== Problem requirements ==
Without any images, write the data out exactly as it appears.
==== Information shown ====
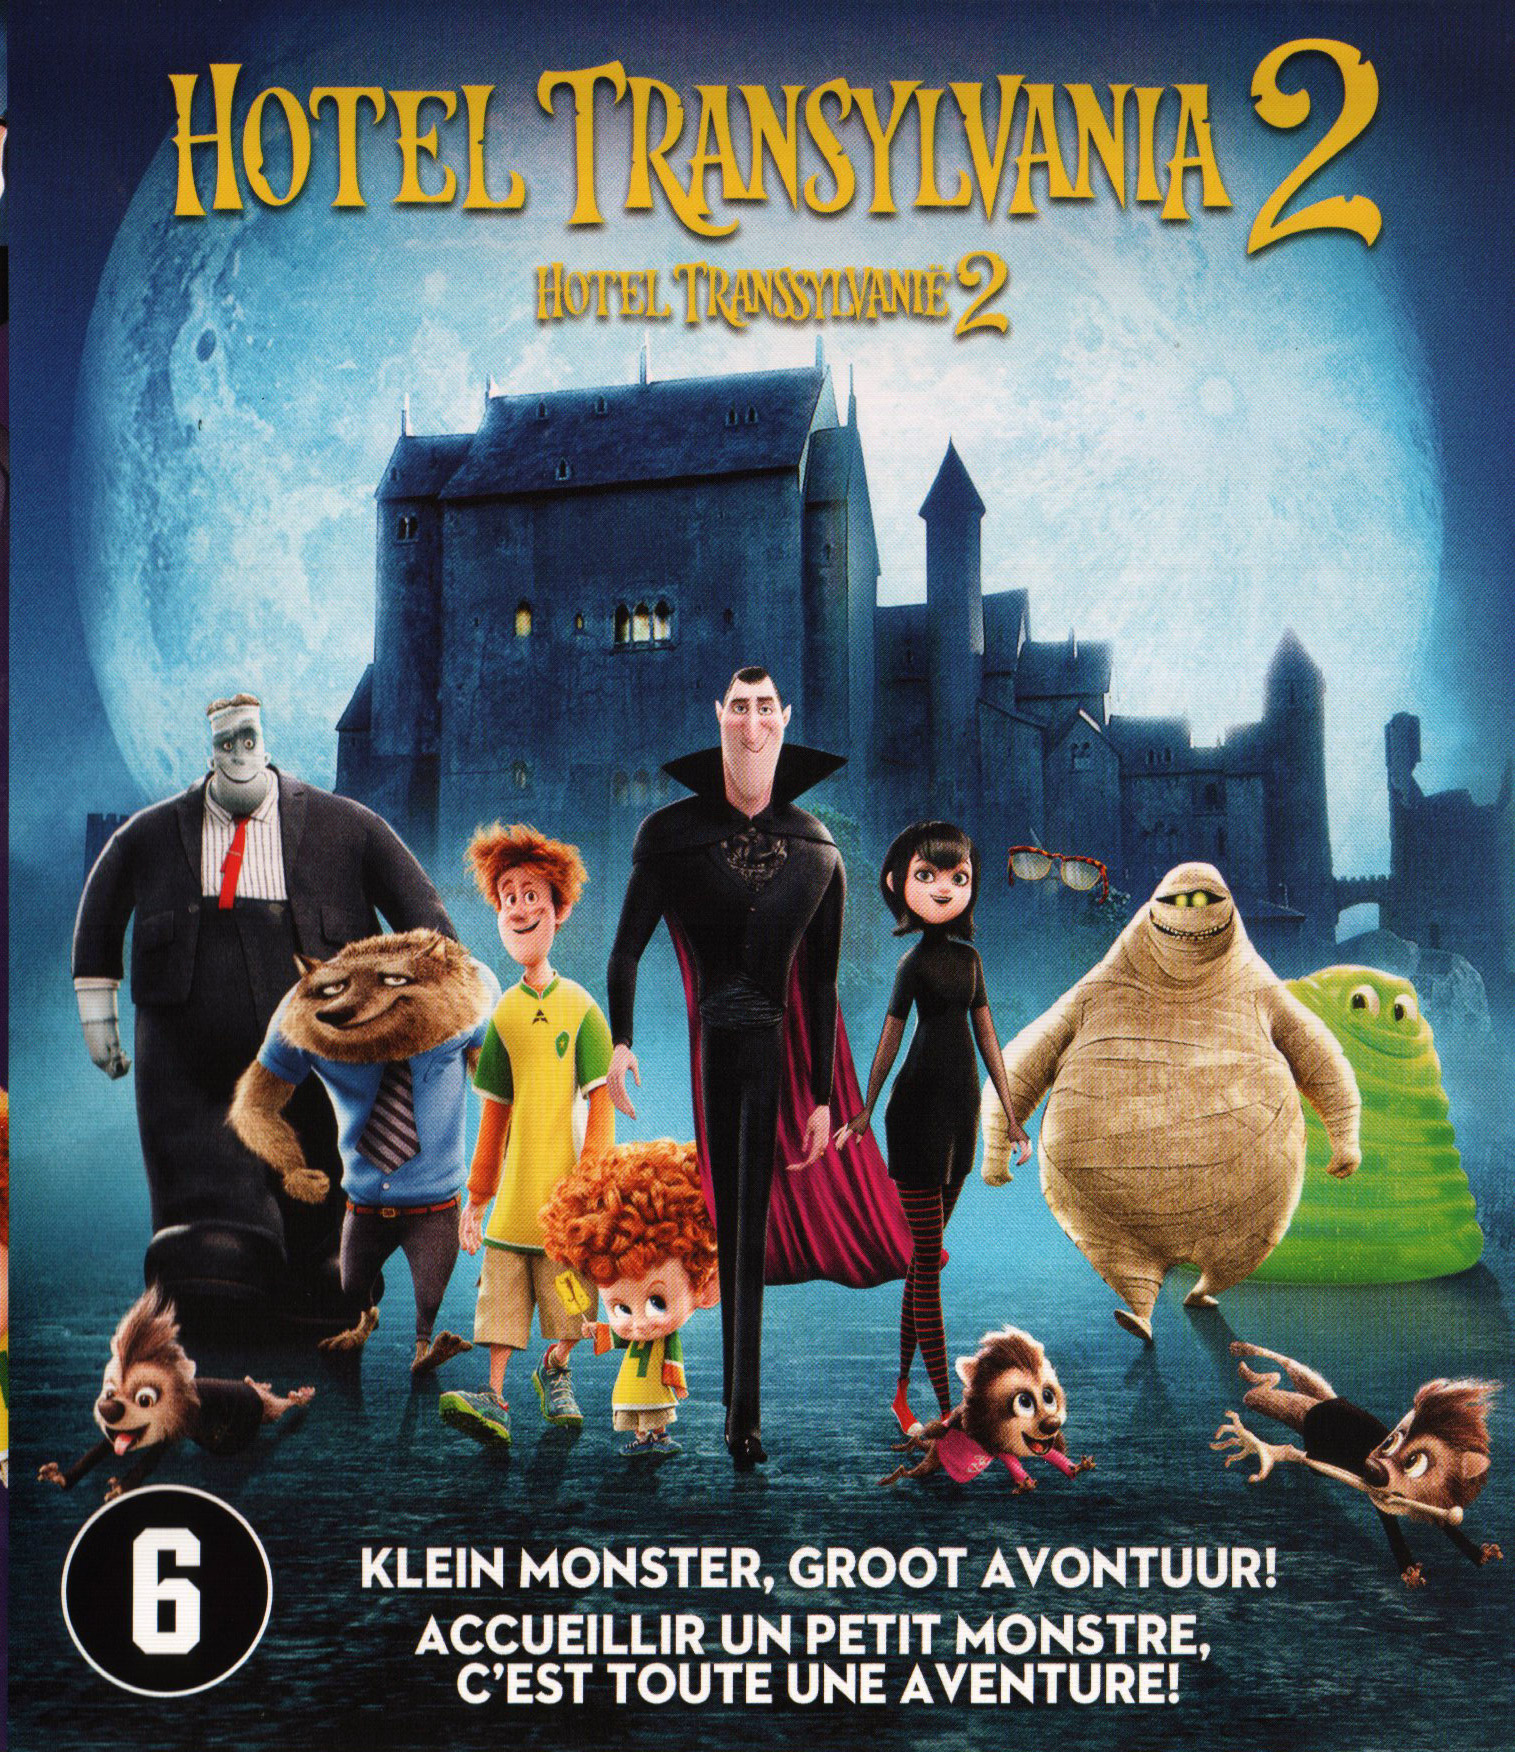 Hotel Transylvania Nederlands Gesproken Download Adobe Photoshop
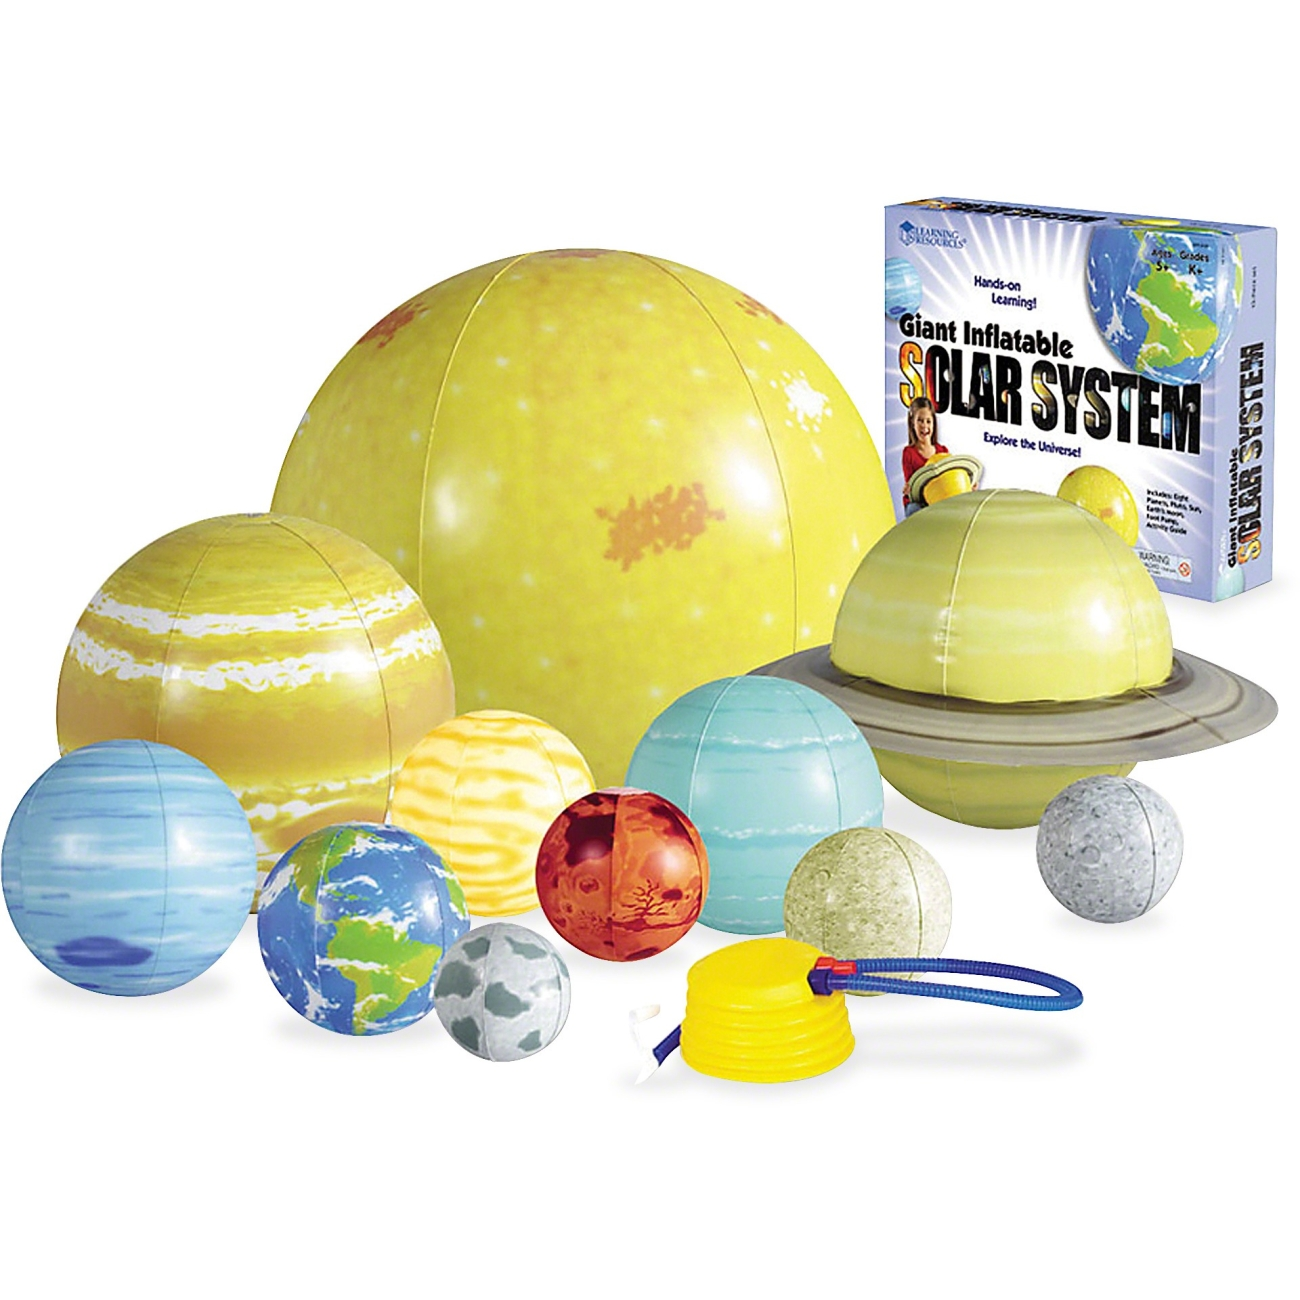 giant solar system model - photo #5
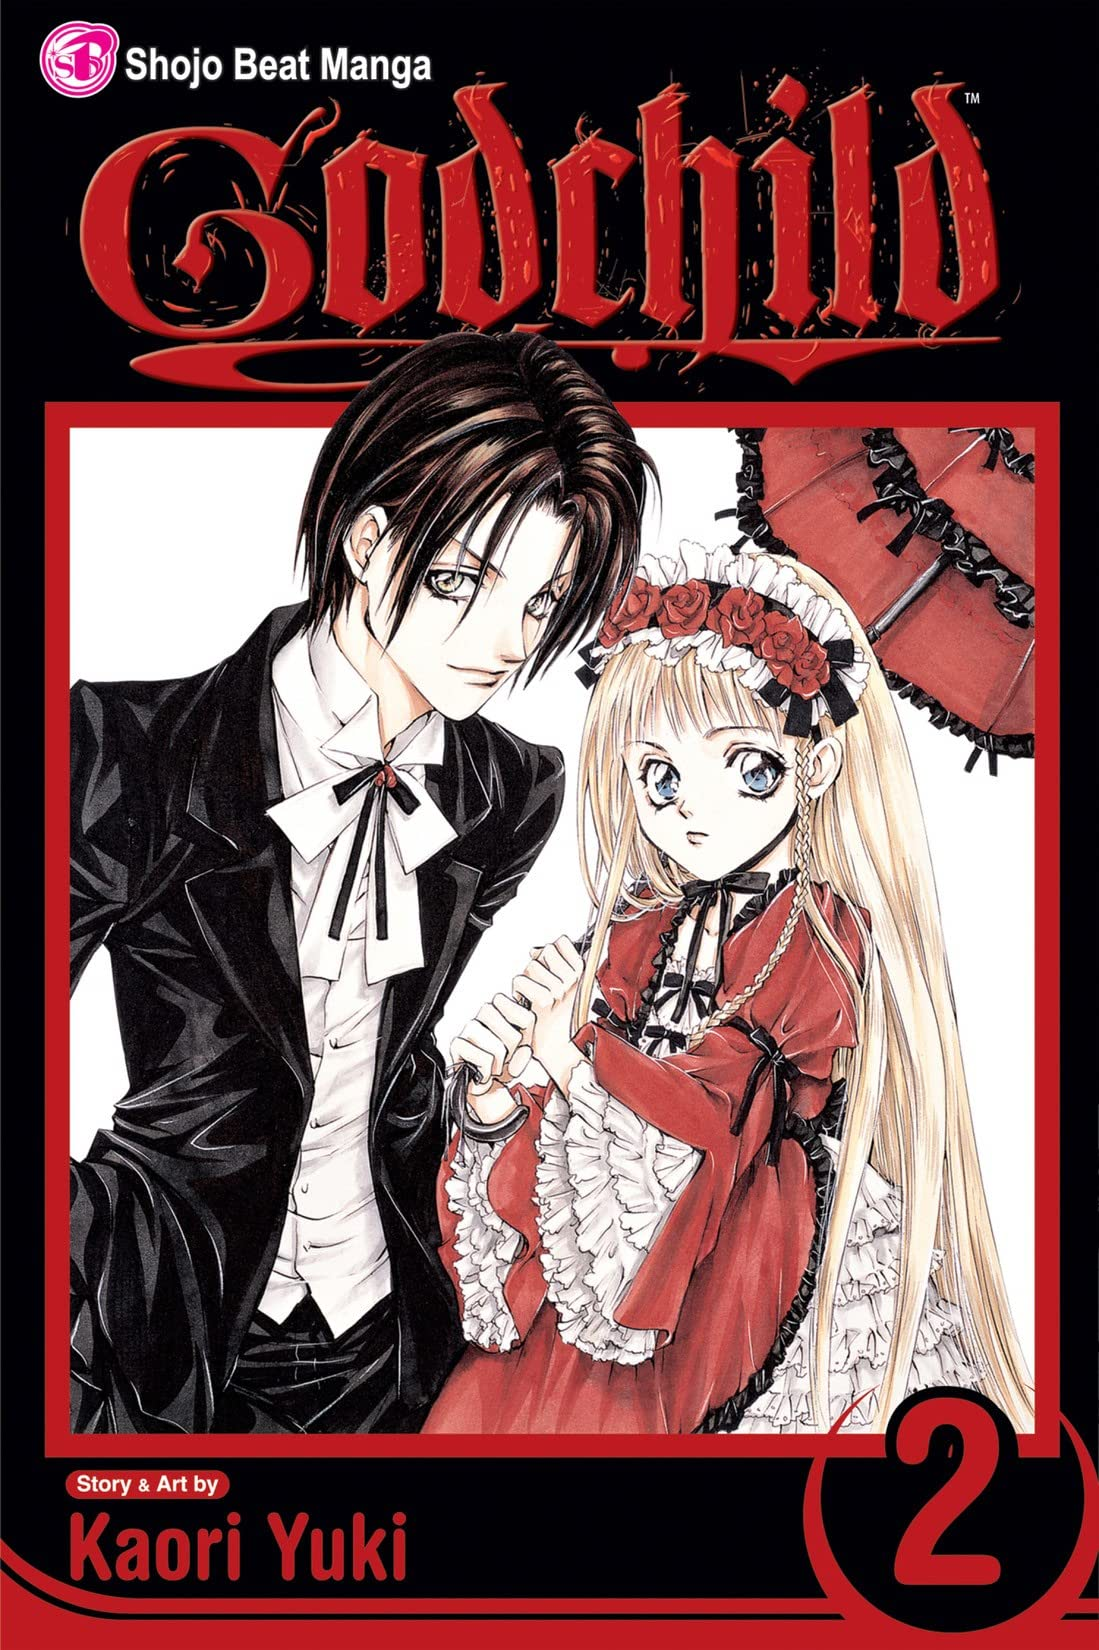 Godchild Vol. 2
====
== Exercise response ==
 Hotel Transylvania Nederlands Gesproken Download Adobe Photoshop
 giant solar system model - photo #5
 Godchild Vol. 2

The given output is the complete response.